OEKT-Osnabrück: Die Politik, die Kirchen und der Krieg

Friedensdiskussion im Dom (Fotos: Detlef Heese)

Der Krieg in der Ukraine, Aufarbeitung von Missbrauch und die Rechte queerer Menschen waren am Samstag drei von vielen Themen beim regionalen Ökumenischen Kirchentag in Osnabrück. Verteidigungsminister Pistorius fand klare Worte zum Ukrainekrieg.

Bundesverteidigungsminister Boris Pistorius (SPD) hat Waffenlieferungen in die Ukraine gegen Kritik von leitenden Theologen verteidigt. Er könne den Menschen in der Ukraine nicht sagen, dass sie sich gewaltfrei gegen Drohnenangriffe und Raketen aus Russland wehren sollten, sagte Pistorius am Samstag in Osnabrück beim regionalen Ökumenischen Kirchentag. Dieser Krieg habe im russischen Präsidenten Putin einen eindeutigen Aggressor. „Putin hat keine Hemmungen, Menschen zu töten.“

Vor rund 800 Menschen diskutierte der Minister über die Bedingungen für eine Friedensordnung. Der gebürtige Osnabrücker war prominentester Gast des Kirchentages aus Anlass des Jubiläums „375 Jahre Westfälischer Frieden“. Am Samstag standen mehr als 100 Workshops, Diskussionen, Lesungen, Konzerte und Gottesdienste auf dem Programm. Am Sonntag werden mehrere Tausend Besucherinnen und Besucher zu einem Abschlussgottesdienst erwartet.

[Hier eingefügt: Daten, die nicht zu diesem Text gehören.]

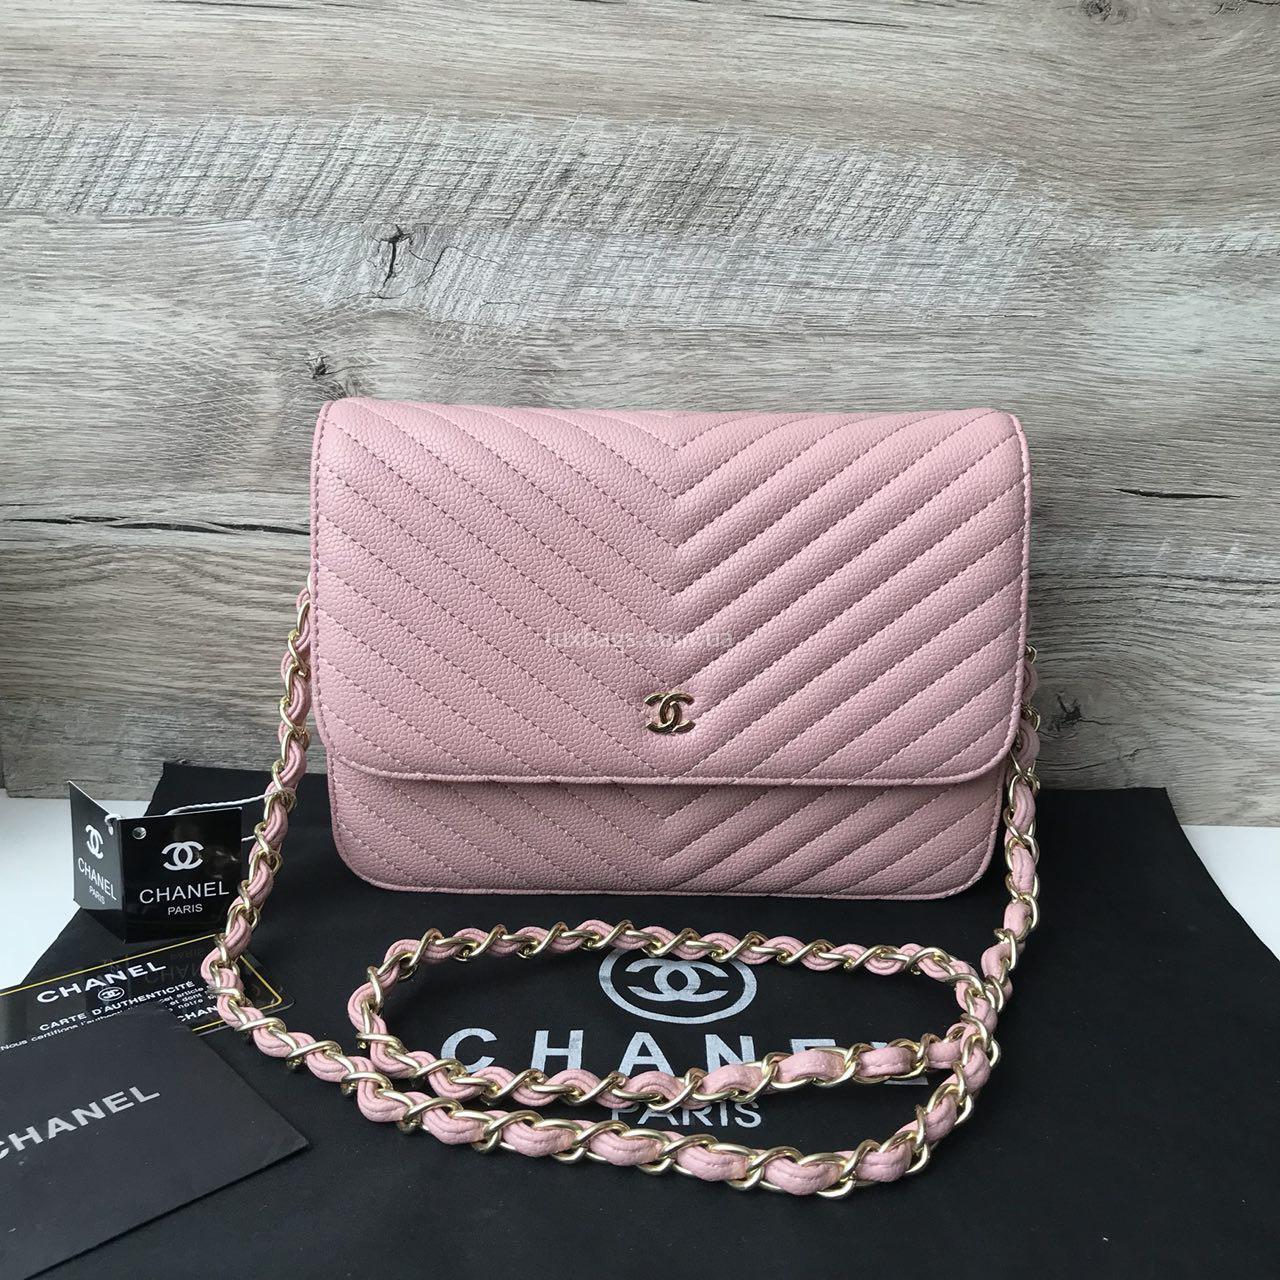 77d95c8e77b8 женская сумочка через плечо на цепочке шанель · Женская сумочка-клатч Chanel  розового цвета

Kirchenpräsidentin Susanne Bei der Wieden forderte, mehr zu differenzieren. Es sei wichtig, auch die zerstörerischen Folgen des Krieges und eines neuen Wettrüstens für die Ukraine selbst und beispielsweise für Länder in Afrika zu bedenken. Hass und Gewalt dürften nicht das letzte Wort haben. Wichtig seien Versöhnungsprozesse auch während des Krieges. Der katholische Ex-Generalvikar des Bistums Osnabrück, Theo Paul, warb ebenfalls dafür, sich nicht allein auf Waffengewalt und Waffenlieferungen einzulassen.

Pistorius entgegnete, er würde sich einen schnellen Weg zu Friedensverhandlungen wünschen. Den sehe er aber derzeit nicht. „Das Streben nach Differenzierung von Dingen, die sonnenklar sind, verwischt die Verantwortlichkeiten.“

Der evangelische hannoversche Landesbischof Ralf Meister sagte, mitten im Krieg sei nicht die Zeit, Begriffe von Versöhnung und Vergebung in den Mund zu nehmen. „Wenn Menschen ihr Land verteidigen wollen, muss ich ihnen das zugestehen und ihnen die Hilfe geben, dass sie das tun können.“

Alt-Bundespräsident Christian Wulff (CDU) warnte davor, den Frieden in der Europäischen Union als selbstverständlich zu betrachten. Die Strahlkraft der westlichen Demokratien habe in den vergangenen zehn Jahren abgenommen. „Wenn die Menschen sich nicht engagieren, werden wir in die Gefahr kommen, dass der Frieden nicht bleibt.“

In einer Diskussion um die Aufarbeitung sexualisierter Gewalt in den Kirchen kritisierte Meister die mangelnde Beschäftigung des Deutschen Evangelischen Kirchentages mit diesem Thema. Das werde sich beim kommenden Kirchentag 2025 in Hannover ändern, versprach der Bischof. Der Kölner Stephan Rixen, Jurist und Mitglied des Deutschen Ethikrats, forderte den Staat auf, den Kirchen nicht eigene Rechte, wie etwa beim Datenschutz, zuzubilligen.

Betroffene von sexualisierter Gewalt und Mitglieder der queeren katholischen Initiative „Out in Church“ forderten Priester und Bischöfe auf, Macht abzugeben. „Solange die Macht in unserer Kirche nicht anders verteilt wird, kann Kirche sich nicht ändern“, sagte Ann Cathrin Röttger aus Osnabrück.

Der Ökumenische Kirchentag in Osnabrück steht unter dem Motto „Wege des Friedens“ - passend zum 375. Jahrestag des Westfälischen Friedens in diesem Jahr. Er begann am Freitag, 16. Juni, mit einer Langen Nacht der Kirchen und endet am Sonntag mit einem Abschlussgottesdienst.


17. Juni 2023
Evangelischer Pressedienst (epd)


Die Podiumsdiskussion fand am Nachmittag im Osnabrücker Dom statt.